The synthesis review by Hecksteden and colleagues (2) in this issue of the *Journal of Applied Physiology* is timely, because it deals with some of the methodological challenges in quantifying individual responses in parallel-group controlled trials, where an experimental and control group are measured before and after their respective treatments. The authors assert that proper quantification of individual responses requires repeated administration of the experimental treatment to determine the extent to which each individual's response consists of reproducible and random components additional to the random variation due to error of measurement experienced equally by all individuals. In essence, the reproducible individual responses are those that could be explained by differences between subjects in inherited and acquired stable characteristics or traits, whereas the apparently random responses could be due to changes in subject characteristics or states between administrations of the treatment. Although two or more administrations are indeed required to partition individual responses into these two components, partitioning is possible only if effects of the treatment wash out fully between administrations. Repeated administrations therefore make sense for acute effects of short-term treatments, where the treatments should be administered in crossover fashion (7). For training and other long-term treatments, repeated administrations are seldom logistically feasible, nor are they even possible in principle, if the intent of the study is to provide evidence for a permanent change in behavior or physiology. In any case, for long-term treatments, subject states average out to become subject traits, so one can expect the random component of individual responses due to subject states to become trivial or meaningless.

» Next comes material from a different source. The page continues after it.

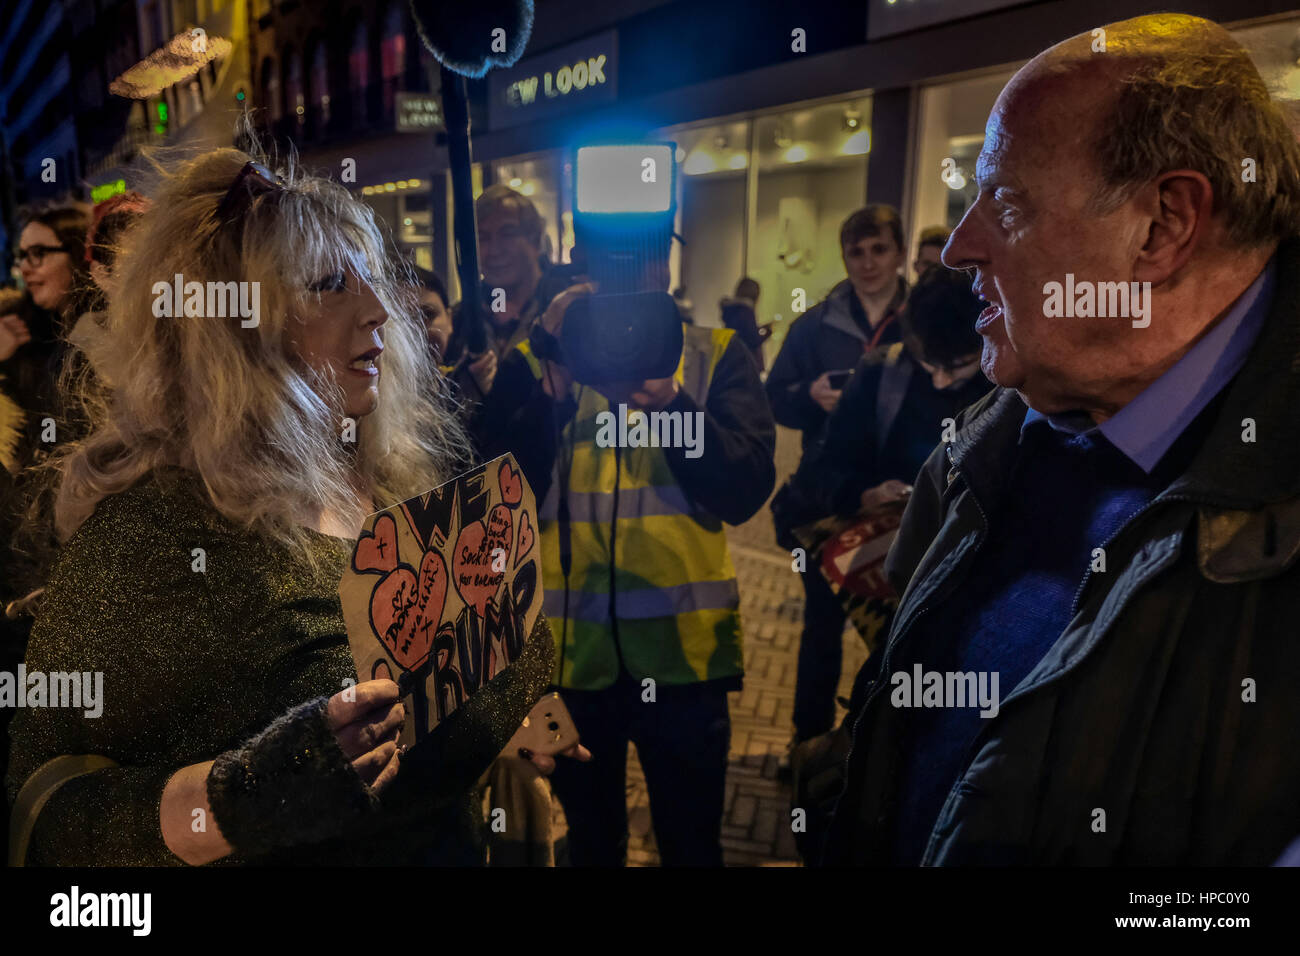 Bournemouth, Dorset, UK. 20 February 2017. Anti Trump demonstrations meet in Bournemouth Square during the national day of action called by the Stop Trump Coalition timed to coincide with the parliamentary debate over Donald Trump’s state visit. A few vocal pro Trump demonstrators attended leading to some heated exchanges . Credit: Tom Corban/Alamy Live News Stock Photo

The Hecksteden et al. synthesis review is based on sound but challenging statistical principles, and the focus on repeated administration of treatments may distract researchers from the straightforward and legitimate analysis of individual responses to a single administration of a treatment. The authors have referenced several of my own publications on the appropriate methods (3-6), but I will update and summarize the methods here, in the hope of improving the analysis and reporting of controlled trials at least in this journal.

Individual responses are manifest as a larger standard deviation of the change scores in the experimental group than in the control group. It is therefore imperative that researchers report the standard deviations of the change scores, along with the means. This simple requirement will also provide all the inferential information needed for inclusion of the study in meta-analyses not only of the mean effect of the treatment but also of the individual responses.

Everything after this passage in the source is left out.